In some inexplicable way, the representatives express exactly the family member’s hidden emotions and their relationships with the client – sometimes even their physical symptoms.

In several steps, Hellinger has the representatives clarify these emotions and relationships as they concern the client. He leads the process to a resolution in the form of the final constellation in which the representatives feel ‘right’.

This ‘feeling right’ response of the representatives is the relevant criterion for the resolution.

It does not demonstrate what is right but rather only what was actually experienced by the representatives who knew nothing of the people for whom they stand except for some basic information provided by the client.

There is no moral stance taken.

Finally the client takes the place of his or her representative and internalizes this ‘right feeling’ order. Faces grow peaceful, tense bodies relax and tears fall and breath flows easily when Hellinger leads people through what can only be described as the healing ritual of their family constellation.

By Bubula Lardi

Bubula Lardi, born in 1941, is a practising Family Constellation facilitator and psychotherapist.
She has a long experience of working and caring for people as a graduate nurse, midwife, family counsellor and community educator.

For more than twenty-five years she has used a wide range of therapeutic and meditative modalities including Gestalt, Voice Dialogue and hypnosis.

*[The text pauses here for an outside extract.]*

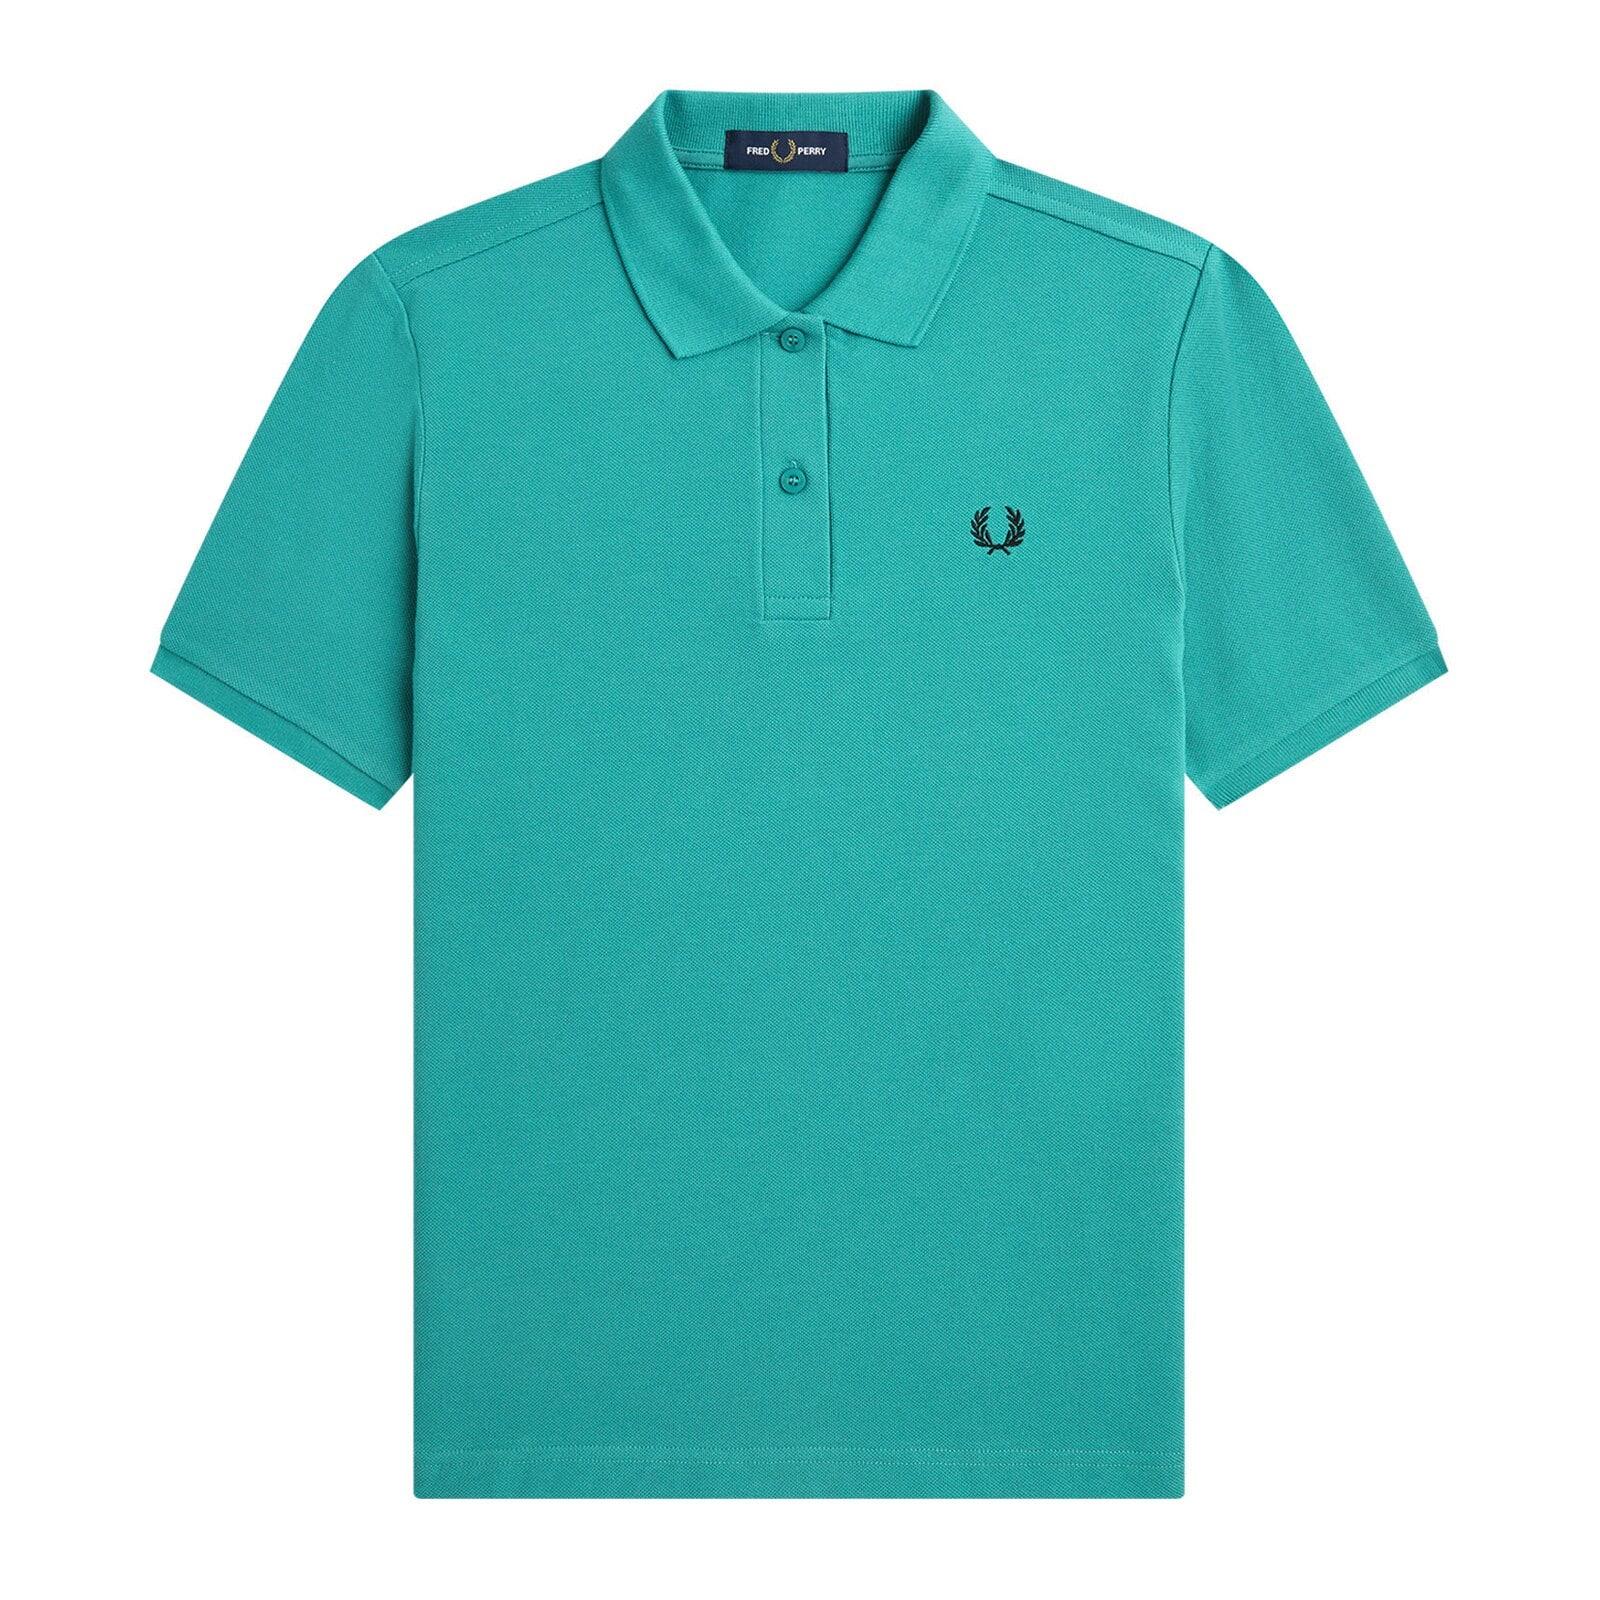 women teal solid logo polo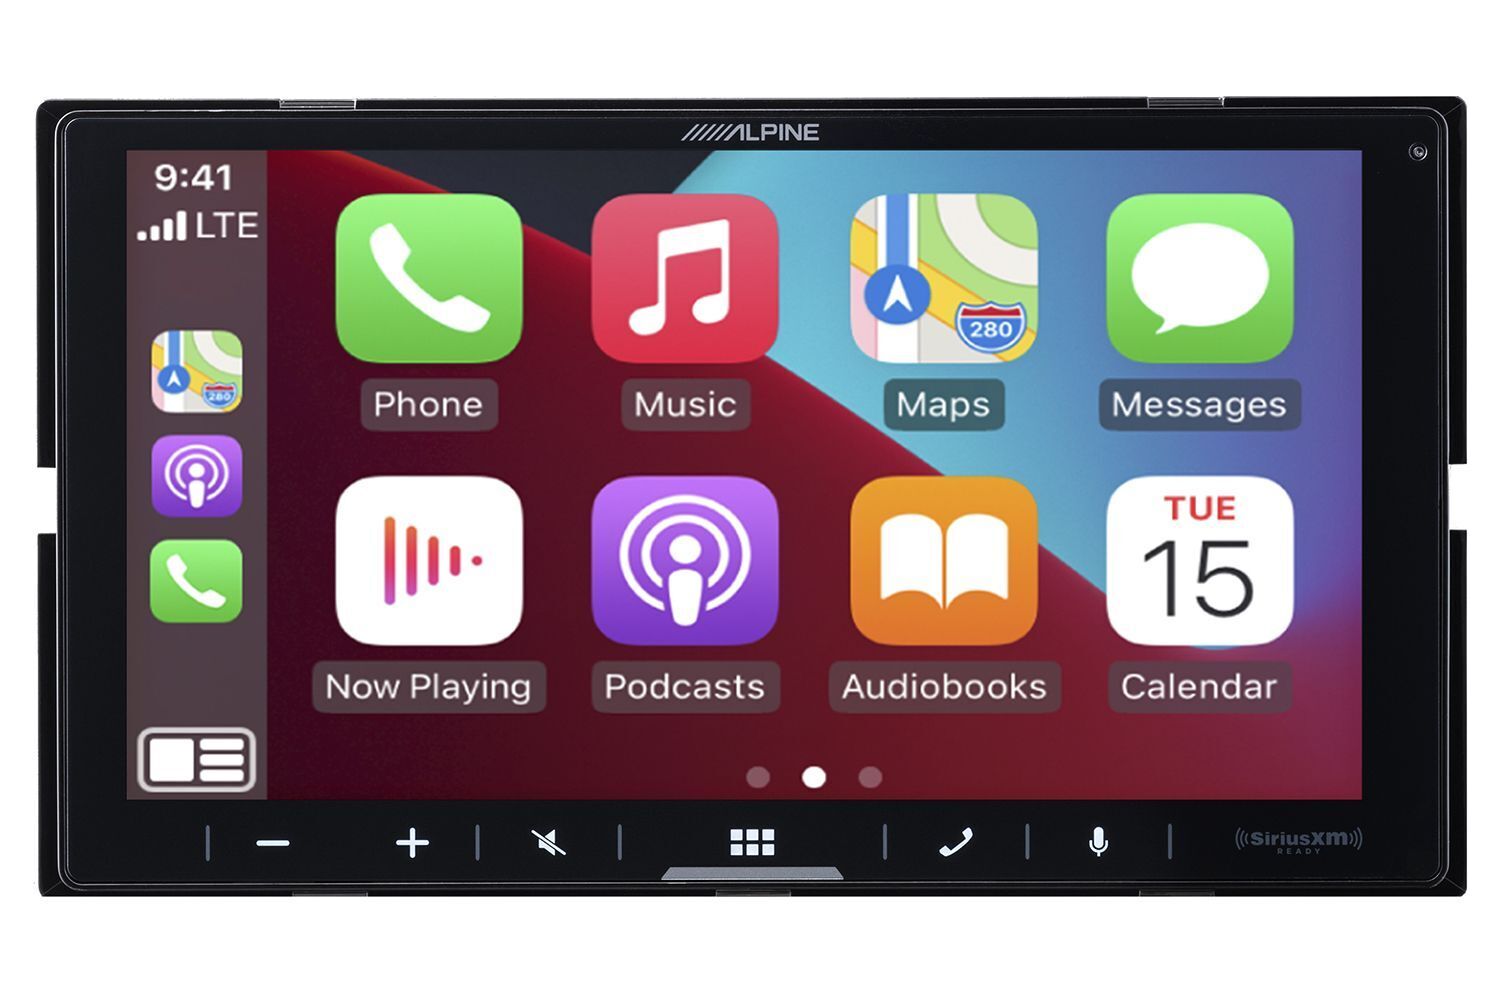 Alpine iLX-W670 Receiver with Apple CarPlay and Android Auto Includes KTA-450 4-Channel Power Pack Amplifier

In 1998 she was influenced by the work and teachings of Bert Hellinger in Family Constellations or Family Systems therapy.

Since that time, she has trained in this profound phenomenological work from a number of Europe’s leading practitioners including the originator of constellation work, Bert Hellinger.

Bubula Lardi honours her many teachers during her lifetime but acknowledges that her deepest gratitude is towards her parents and her ancestors.

She leads workshops in Byron Bay (where she lives with her husband,) Sydney, Tilba Tilba (on the NSW south coast) and New Zealand.